Your objective is simple: World Domination.

Your motive is a little bit more complex: Power

Stage One
To begin your plan, you must first kidnap a wealthy heiress. This will cause the world to swallow nervously, unsettled by your arrival. Who is this ripe bastard? Where did they come from? And why do they look so good in a robotic exoskeleton?

Stage Two
Next, you must vaporize United Nations. This will all be done from a space station, a mysterious place of unrivaled dark glory. Upon seeing this, the world will wet their pants, as countless hordes of ninjas hasten to do your every bidding.

Stage Three
Finally, you must prepare your secret death ray, bringing about rivers that run red with blood. Your name shall become synonymous with the spice girls, and no man will ever again dare roll his or her eyes. Everyone will bow before your superior firepower, and the world will have no choice but to grant you three maidens of virtue true.

Hey, it’s a livin.

So, what’s yours?

Your objective is simple: Destroy the Earth.

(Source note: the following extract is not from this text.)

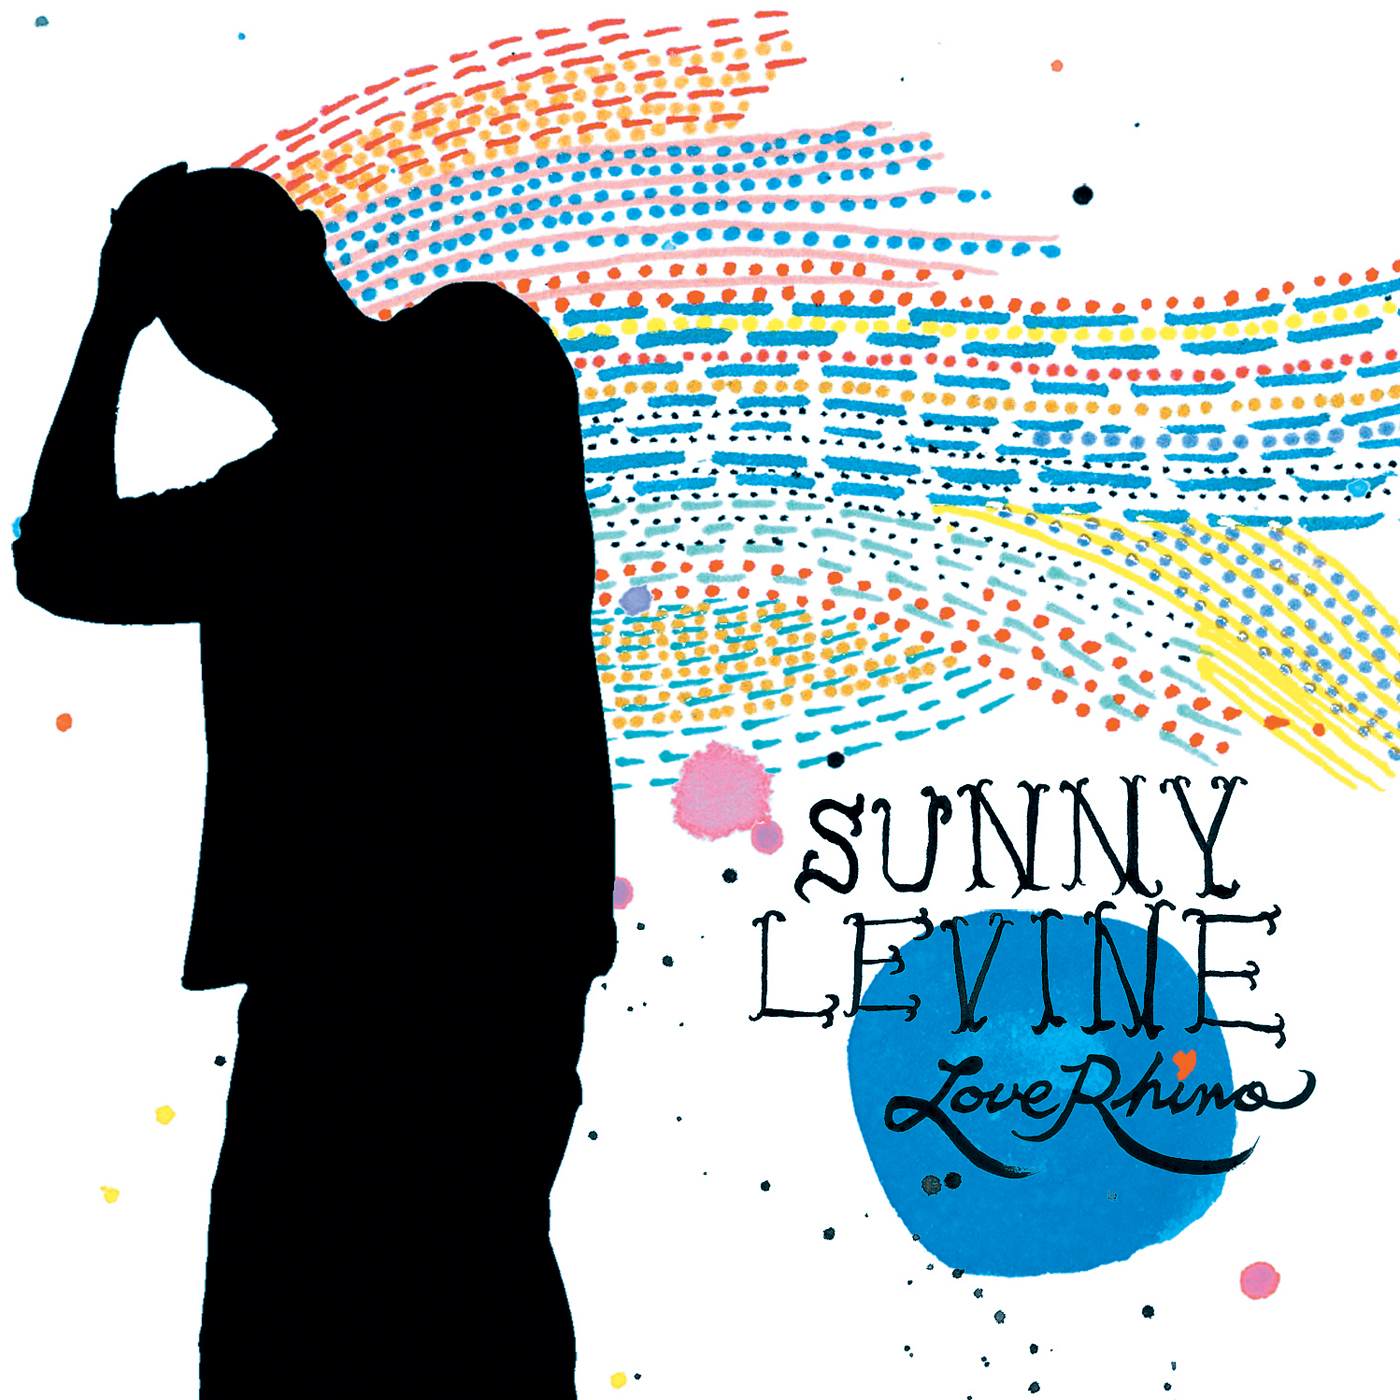 SunnyLevine_LoveRhino.jpg

Your motive is a little bit more complex: Evil - It’s my nature

Stage One
To begin your plan, you must first devour a chosen one. This will cause the world to sense a grave disturbance in the force, horrified by your arrival. Who is this demented madman? Where did they come from? And why do they look so good in classic black?

Stage Two
Next, you must vaporize the Pyramids of Giza. This will all be done from a medieval castle, a mysterious place of unrivaled dark glory. Upon seeing this, the world will die in a way you just don’t want to think about, as countless hordes of the undead hasten to do your every bidding.

Stage Three
Finally, you must let loose your armies of destruction, bringing about the end of all things. Your name shall become synonymous with blood, and no man will ever again dare cross you. Everyone will bow before your mystical abilities, and the world will have no choice but to restore your credit rating.

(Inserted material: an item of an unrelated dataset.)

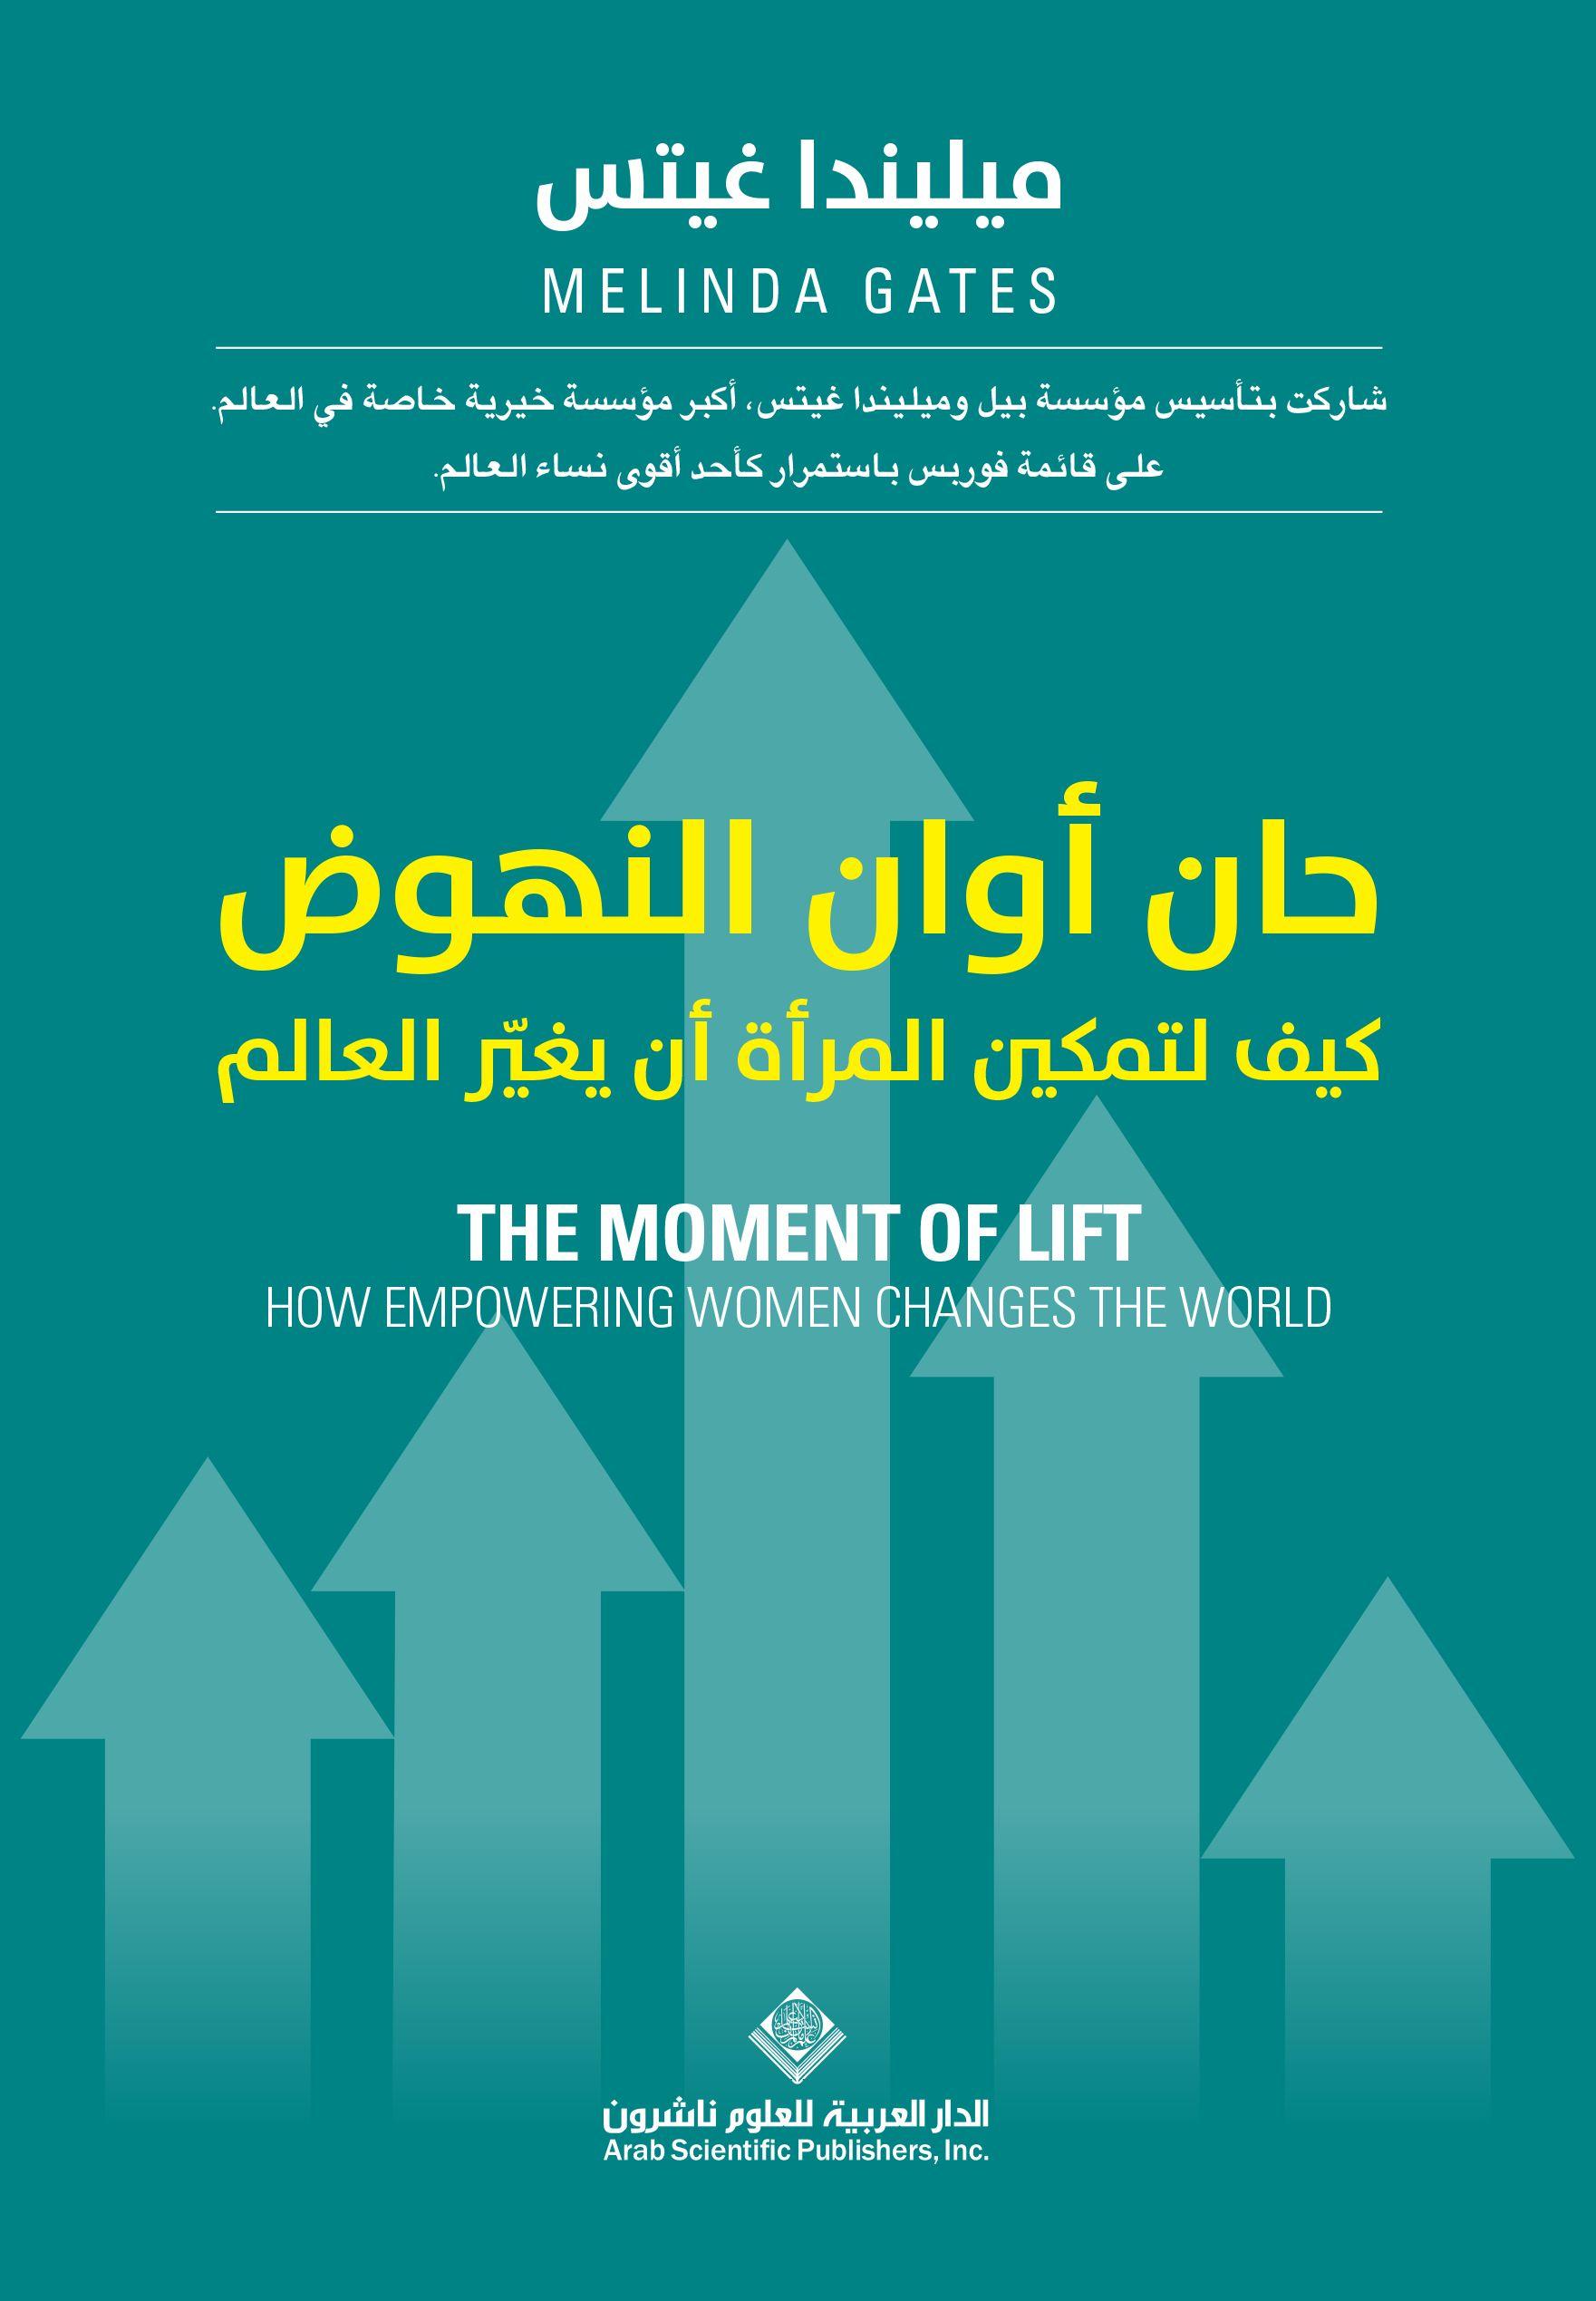 حان أوان النهوض ميليندا غيتس Books Change The World Women Empowerment

Your objective is simple: World Domination.

Your motive is a little bit more complex: To show them all

Stage One

To begin your plan, you must first expose a news reporter. This will cause the world to give one another worried looks, unsettled by your arrival. Who is this evil genius? Where did they come from? And why do they look so good in classic black?

Stage Two

Next, you must seize control of the Internet. This will all be done from a obsidian citadel, a mysterious place of unrivaled dark glory. Upon seeing this, the world will give up, as countless hordes of computer programmers hasten to do your every bidding.

Stage Three

Finally, you must demonstrate your unholy weapon, bringing about nightmares for every man, woman and child. Your name shall become synonymous with all that is wrong with the world, and no man will ever again dare point and laugh. Everyone will bow before your cunning intelligence, and the world will have no choice but to give you control of the planet.

Your objective is simple: World Domination.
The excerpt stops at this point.